Republican Jeff Dove this week filed the paperwork to challenge Rep. Jennifer Wexton (D) in Northern Virginia in 2020, after losing last year to Rep. Gerald E. Connolly (D) in a neighboring district.
Although candidates and members can live outside the districts they seek to represent and represent, Dove said he plans to move his family from Woodbridge, in Connolly’s district, to Wexton’s district before the general election.
Dove is the first Republican to challenge Wexton, who helped flip the U.S. House from red to blue in 2018 with her 12 percentage point win over Barbara Comstock, but more are expected to join the race.
Dove won about 27 percent of the vote against Connolly but said he was proud to have raised 66 percent of his campaign funding from small donors.
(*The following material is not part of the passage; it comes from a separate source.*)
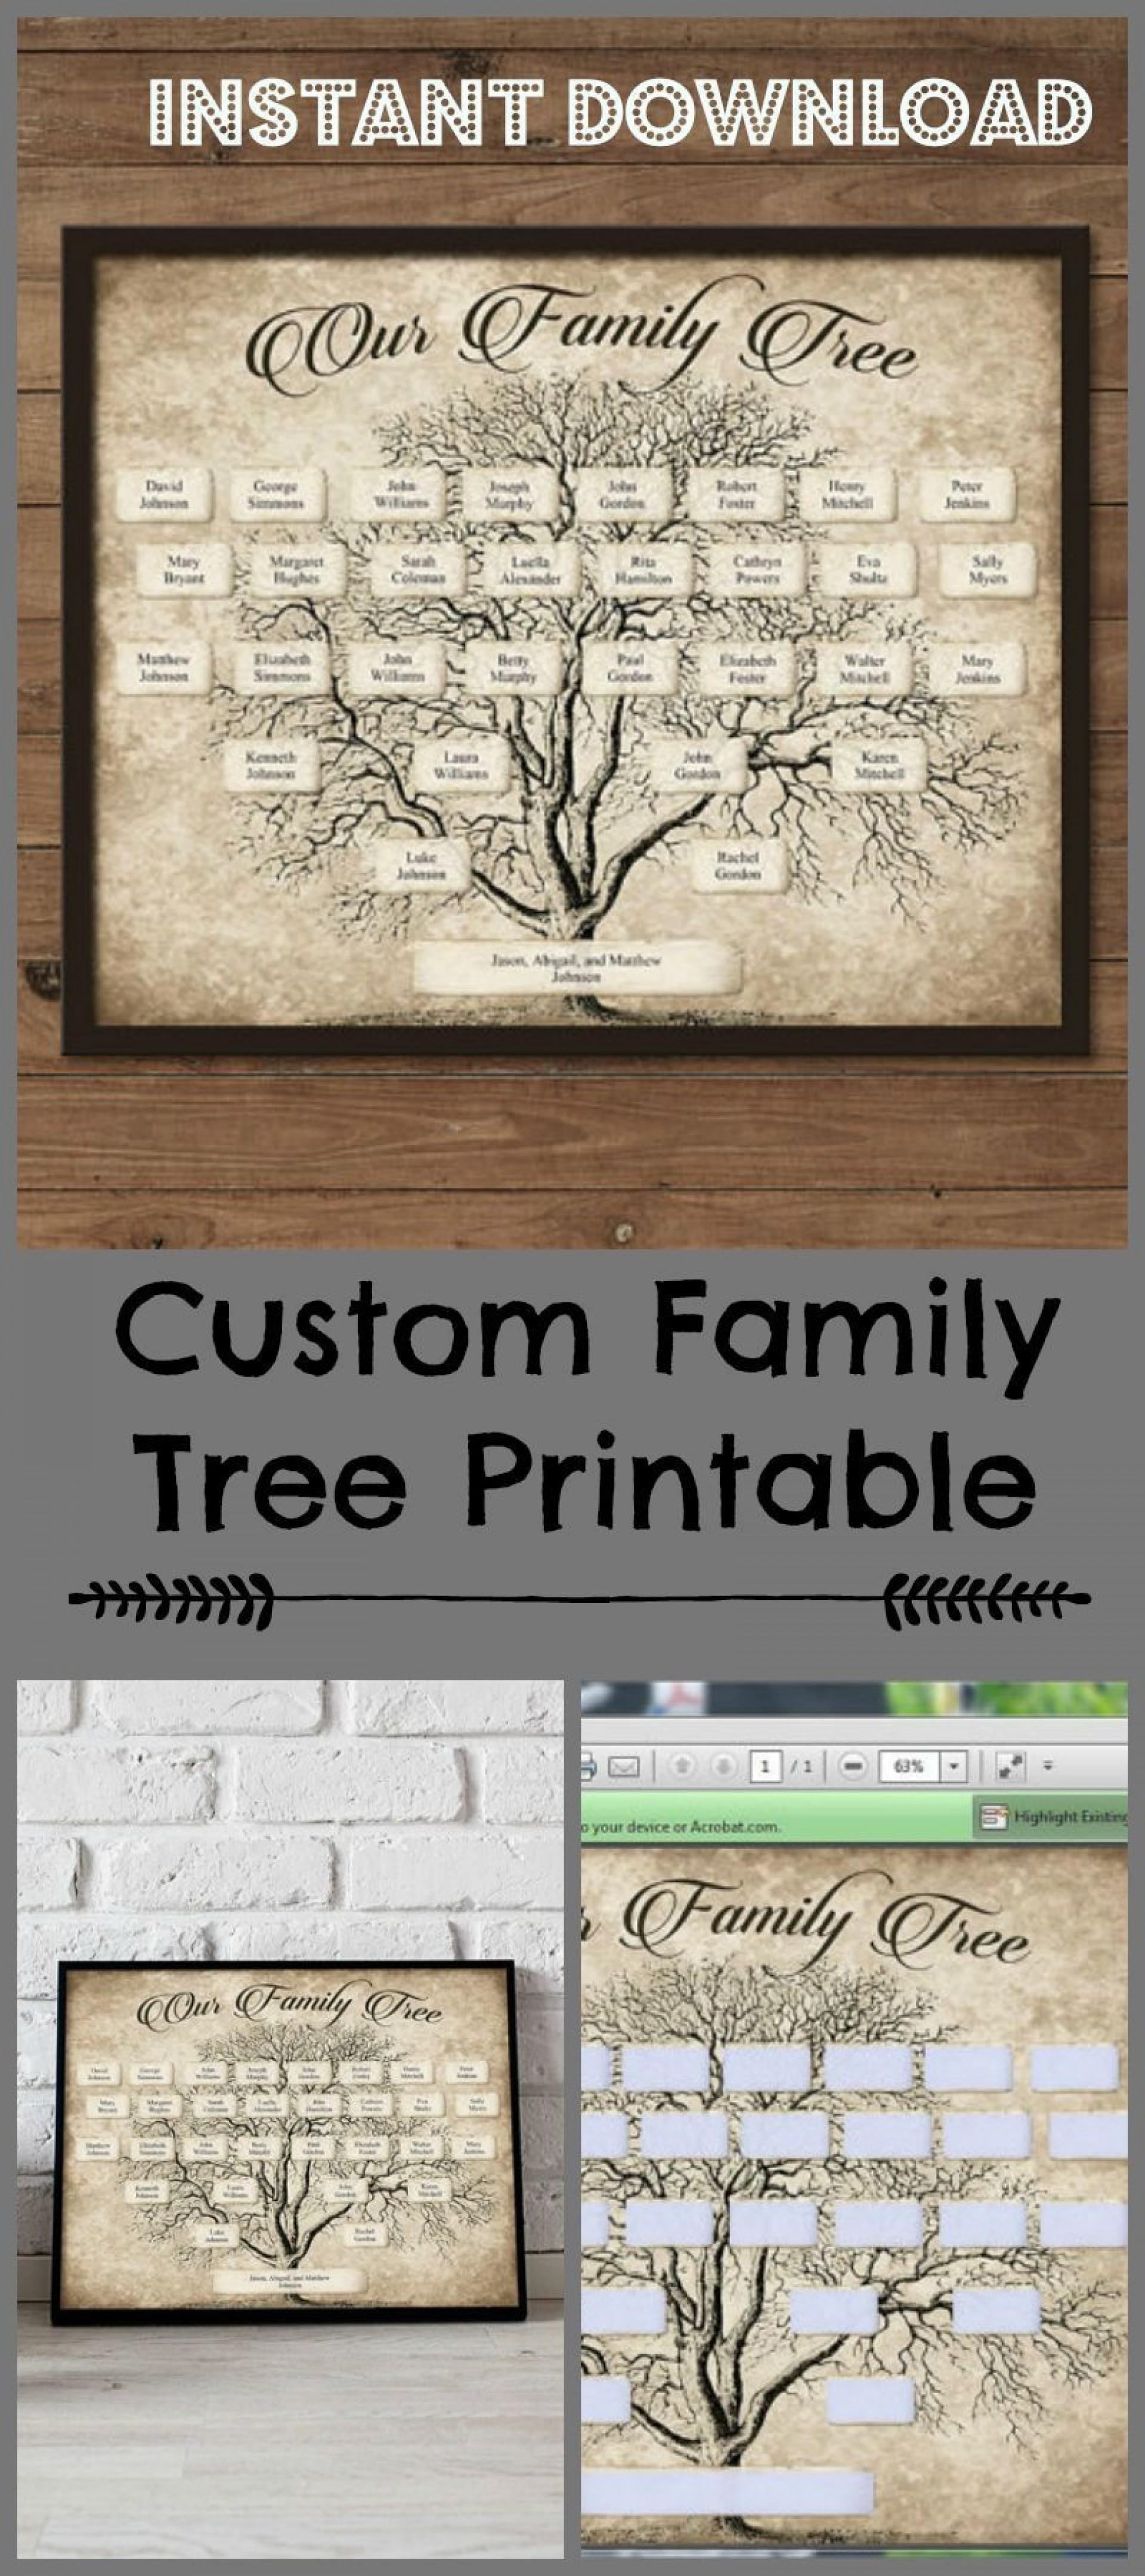 003 Stupendou Family Tree Book Template Sample  Photo Free1920

The percentage exceeded that of all but three 2018 Republican House and Senate candidates, according to an analysis from the nonpartisan Center for Responsive Politics. In total, he raised about $678,000, or about one-third of Connolly’s war chest.
“After last year I realized I still had a lot of unfinished business,” Dove said. “My message resonated across the country.”
He said he plans to talk about infrastructure, immigration, cybersecurity and education during his campaign. He said he will also continue advocating for adding multifactor authentication to transactions using Social Security numbers to help prevent identity theft.
Dove, 37, grew up in Silver Spring, the son of a single mom who moved often between the Washington area and Roanoke, where he graduated from high school.
He served about three years in the Army, including a tour in Iraq where he worked as a chemical weapons specialist and was awarded the Combat Action Badge.
He graduated from Strayer University with a bachelor’s degree in information systems and works as a database engineer for a defense contractor.